Word has reached the press that the FBI is launching a $1 billion biometric Next Generation Identification (NGI) system that will comprise of a nationwide database of mugshots, iris scans, DNA records, voice samples, and other biometric data that can help the bureau to identify and catch criminals. Tests revealed that facial recognition systems have reached the point where they can match a single face from a pool of 1.6 million mugshots/passport photos with 92 percent accuracy, in under 1.2 seconds!
The new identification system will enable the FBI to identify persons of interest more easily, as well as to track suspects by picking out their face in a crowd.
The pilot program of NGI only includes mugshots of known criminals, but it's unclear whether that will remain the case once the entire system is rolled out nationwide in 2014.

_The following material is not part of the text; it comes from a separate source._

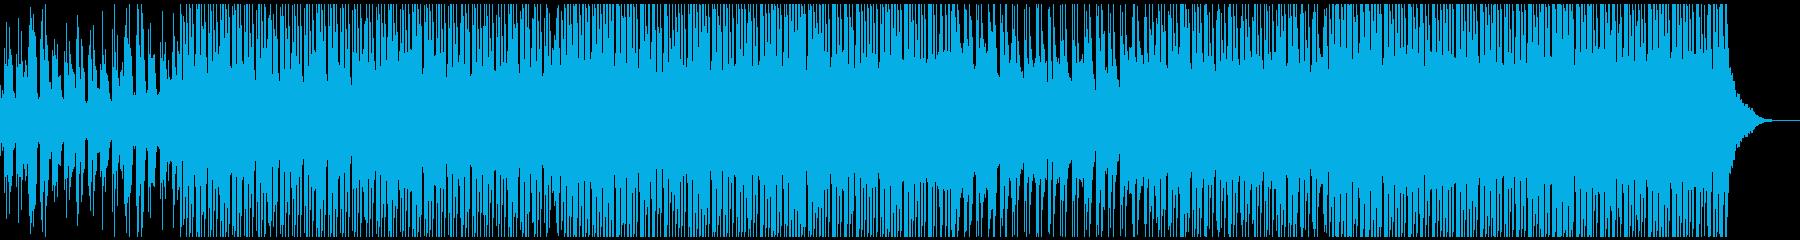 サマーファンの再生済みの波形
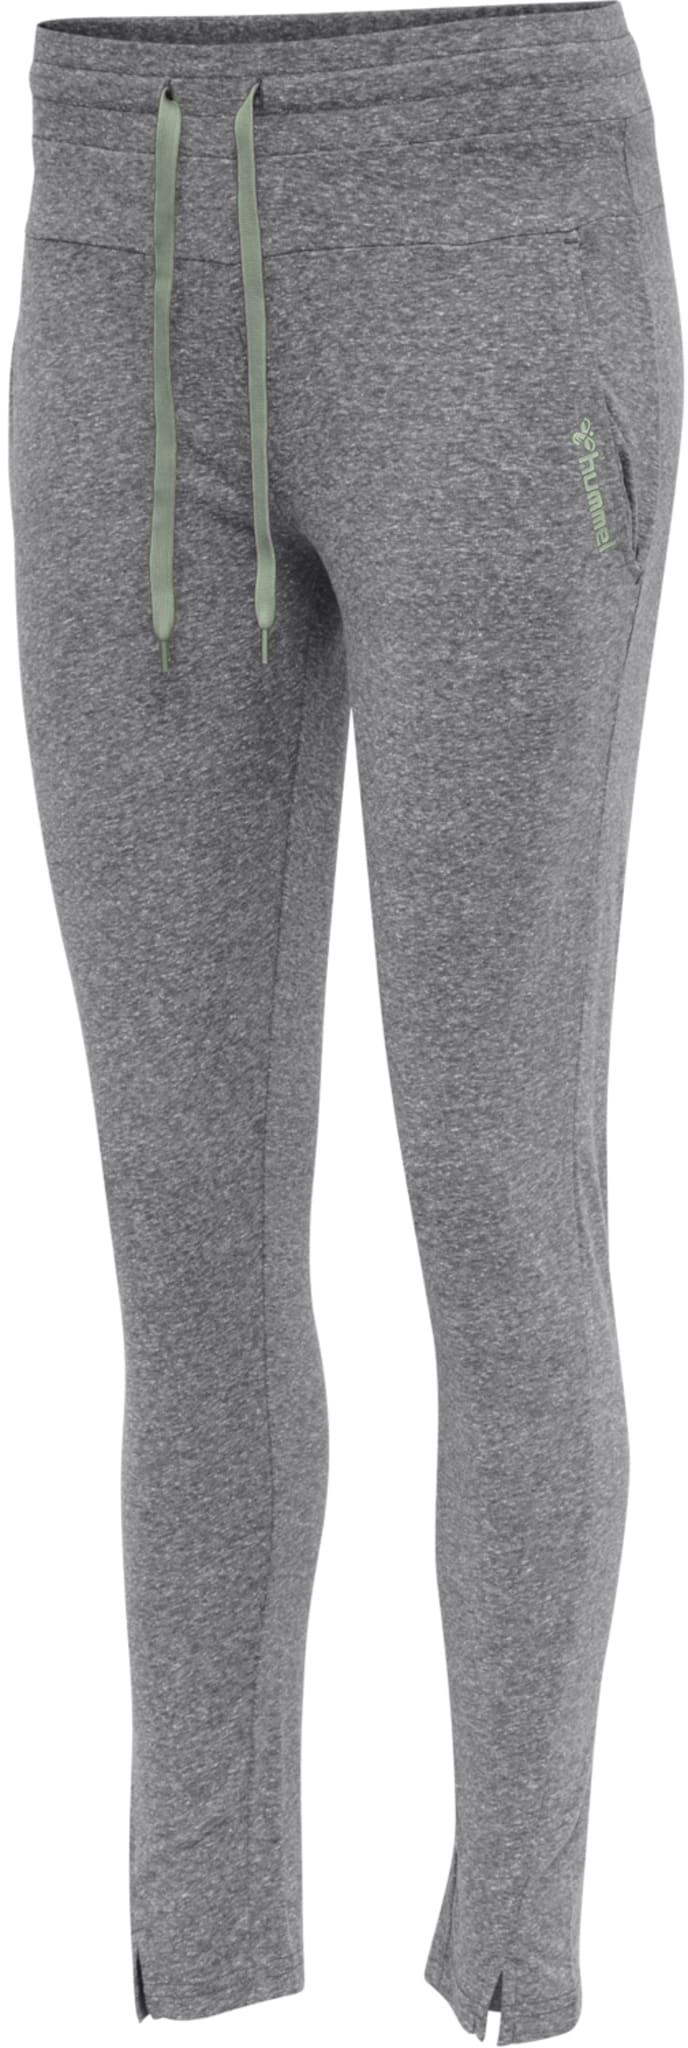 HmlZandra Regular Pants W

Ideally, such technological advancements will allow law enforcement to identify criminals more accurately and lead to quicker arrests. But privacy advocates are worried by the broad scope of the FBI's plans. They are concerned that people with no criminal record who are caught on camera alongside a person of interest could end up in a federal database, or be subject to unwarranted surveillance.
Tests in 2010 showed that the best algorithms can pick someone out in a pool of 1.6 million mugshots 92 per cent of the time. It's possible to match a mugshot to a photo of a person who isn't looking at the camera too. Algorithms such as one developed by Marios Savvides's lab at Carnegie Mellon can analyse features of a front and side view set of mugshots, create a 3D model of the face, rotate it as much as 70 degrees to match the angle of the face in the photo, and then match the new 2D image with a fairly high degree of accuracy. The most difficult faces to match are those in low light. Merging photos from visible and infrared spectra can sharpen these images, but infrared cameras are still very expensive.